3. History databases
A history database requires a data read RT that is roughly the same as that of OLTP and is sensitive to data consistency. A history database is insensitive to the data write RT and mainly deals with queries based on key-value pairs. Occasionally, it also deals with a small amount of Stat and Aggregate queries.
Recommended configuration
Considering the characteristics of history databases and the low bandwidth of the storage media, you must ensure that the memory switchover of OceanBase Database does not affect the data read performance and reduce the major compaction efficiency. Recommended parameter settings:
memory_limit: You can use the default value 0, which specifies that the maximum memory of the physical server available for OceanBase Database is determined by memory_limit_percentage.
memory_limit_percentage: You can set the parameter to 80 if the memory size of the physical server is less than 512 GB, or 90 if the memory size of the physical server is equal to or greater than 512 GB.

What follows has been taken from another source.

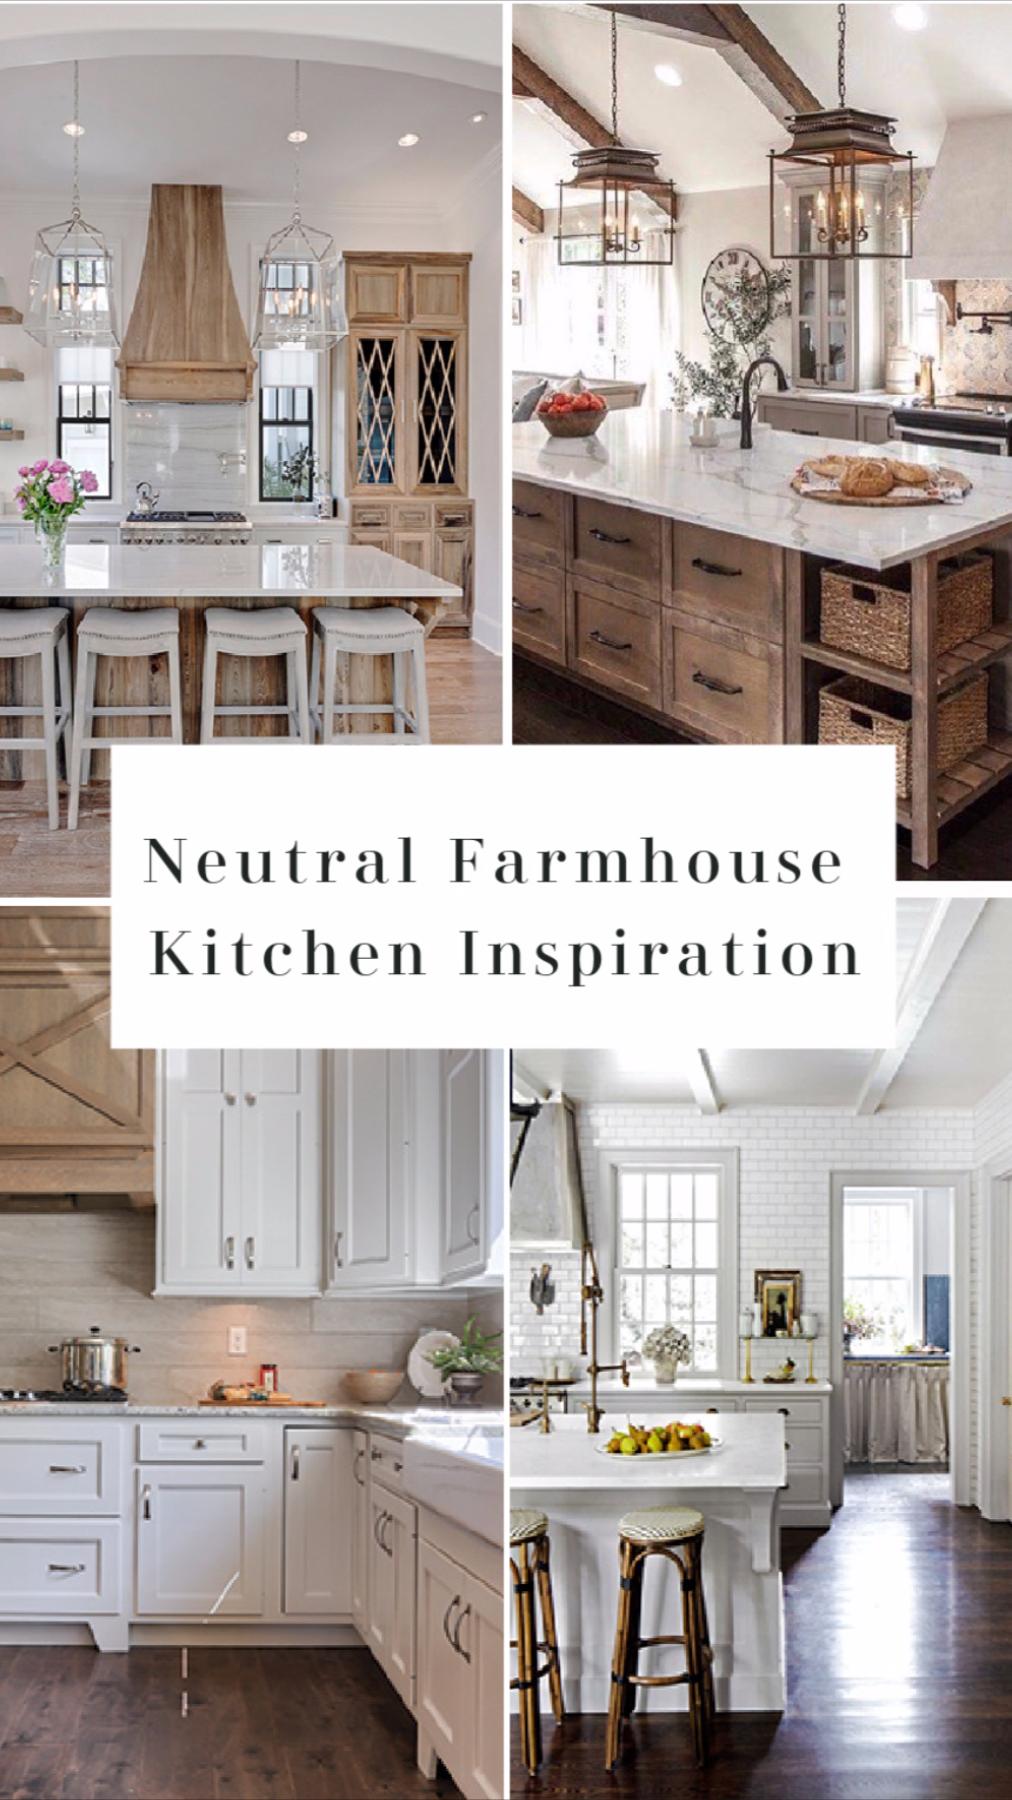 Neutral Farmhouse Kitchen Inspiration

freeze_trigger_percentage: We recommend that you set the parameter to a value that is consistent with the MemStore parameters, say 80, to minimize the number of major compactions daily.
minor_freeze_times: We recommend that you set the parameter to 0, which indicates that the minor compaction feature is disabled. This is because most history databases use SATA drives.
sys_bkgd_io_percentage: This parameter specifies the percentage of system I/O threads. We recommend that you set the parameter to 90 so that the data disk bandwidth can be maximized during major compaction.
merge_thread_count: The default value of this parameter is 0, which indicates that the major compaction threads are automatically allocated from the tenant threads. You can set it to 48 to allocate more threads and speed up the major compaction.
To sum up, you must adjust the memory management parameters based on your business scenarios and physical server configuration to meet your business needs at the best cluster performance.
In this way, you can make full use of the low RT of MemTable queries in the OceanBase Database and ensure the maximum equipment utilization with high availability, achieving a balance between performance and costs.